* **TRY IT**
Beginning with the line that holds "6808 Reading T1" and ending with the last line below, repeat each line exactly, leaving any pictures out.

* **DATA EXTRACT**

● ● ●

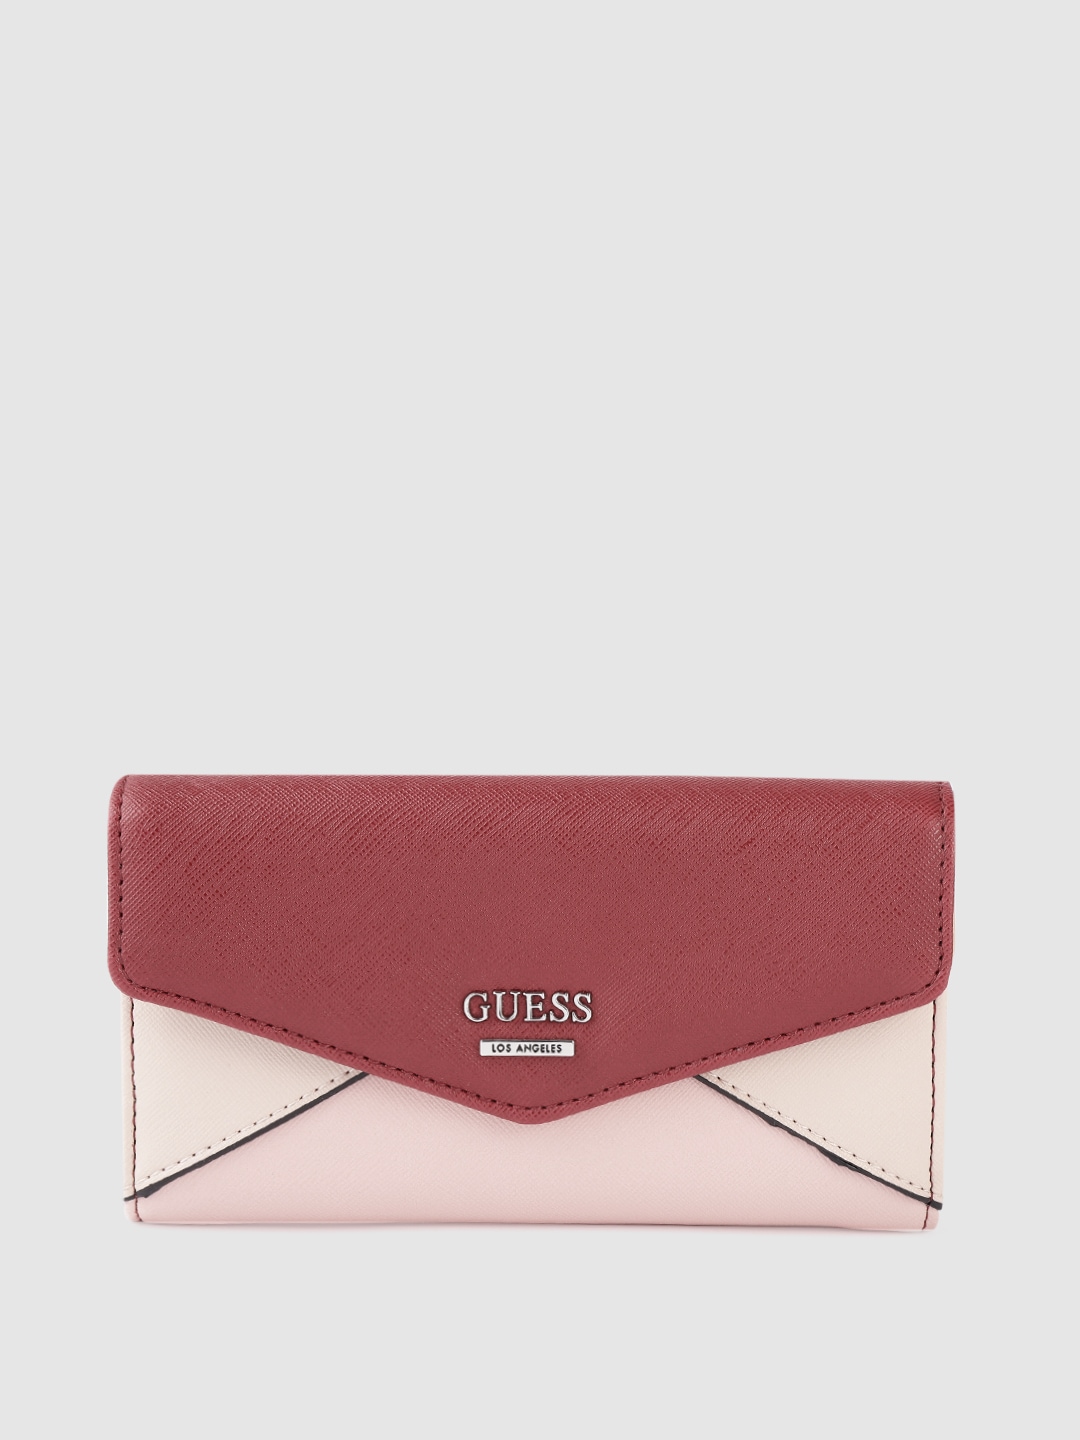 GUESS Women Maroon & Beige Colourblocked Three Fold Wallet Price in India
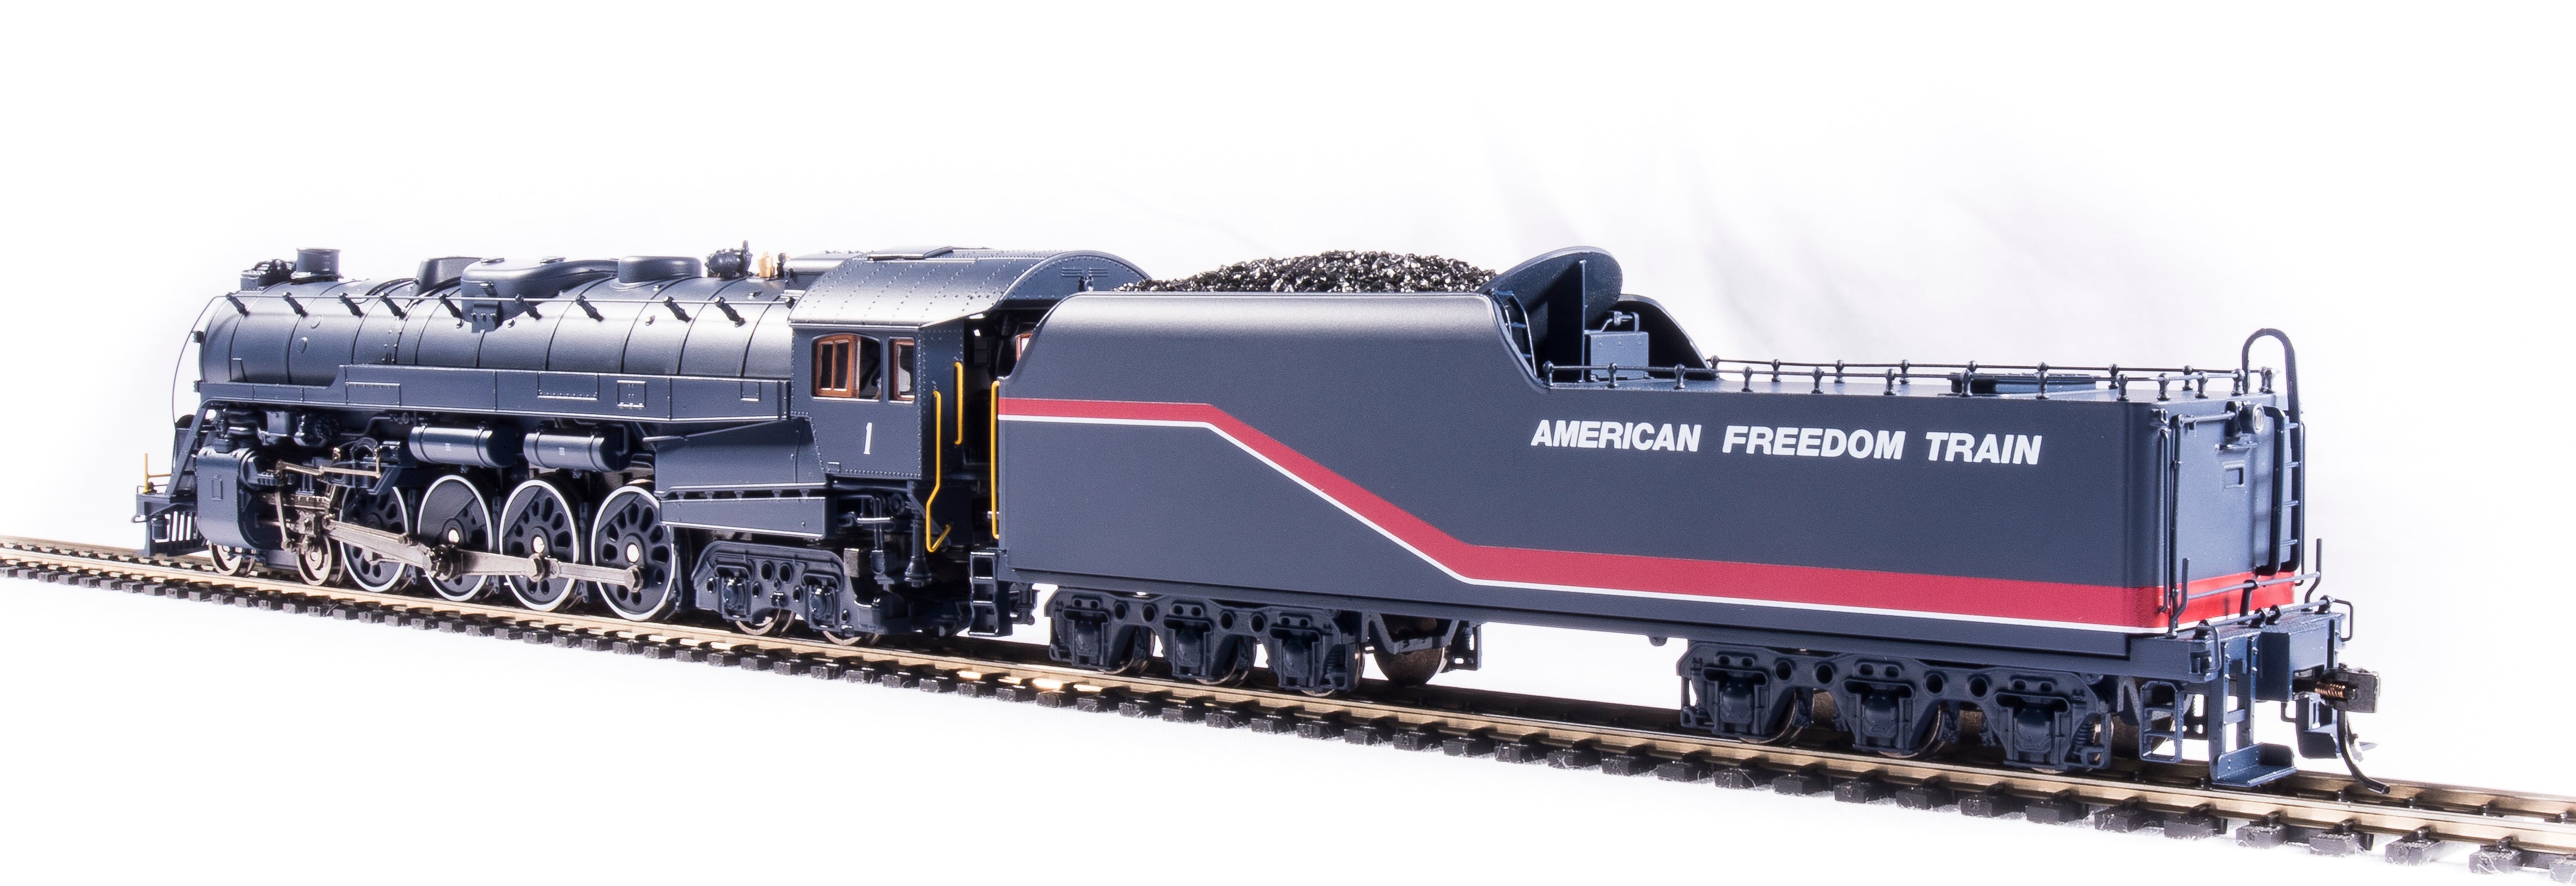 6808 Reading T1 4-8-4, American Freedom Train #1, Early 1975 Version, Paragon4 Sound/DC/DCC, Smoke, HO
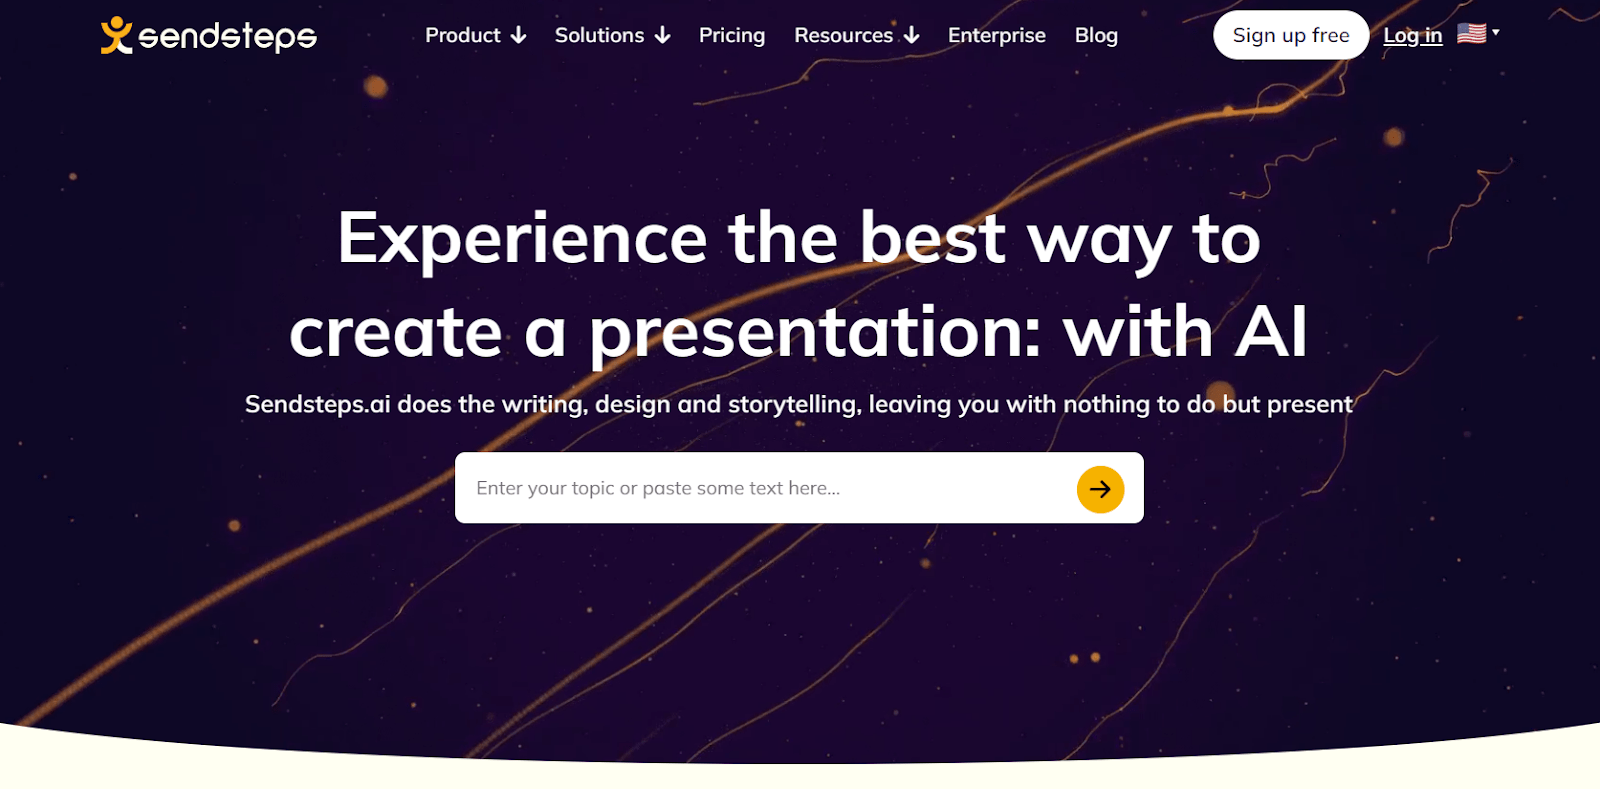 sendsteps website - experience the best way to create a presentation

● ● ●

* **RESPONSE TO THE TASK**
 6808 Reading T1 4-8-4, American Freedom Train #1, Early 1975 Version, Paragon4 Sound/DC/DCC, Smoke, HO
 sendsteps website - experience the best way to create a presentation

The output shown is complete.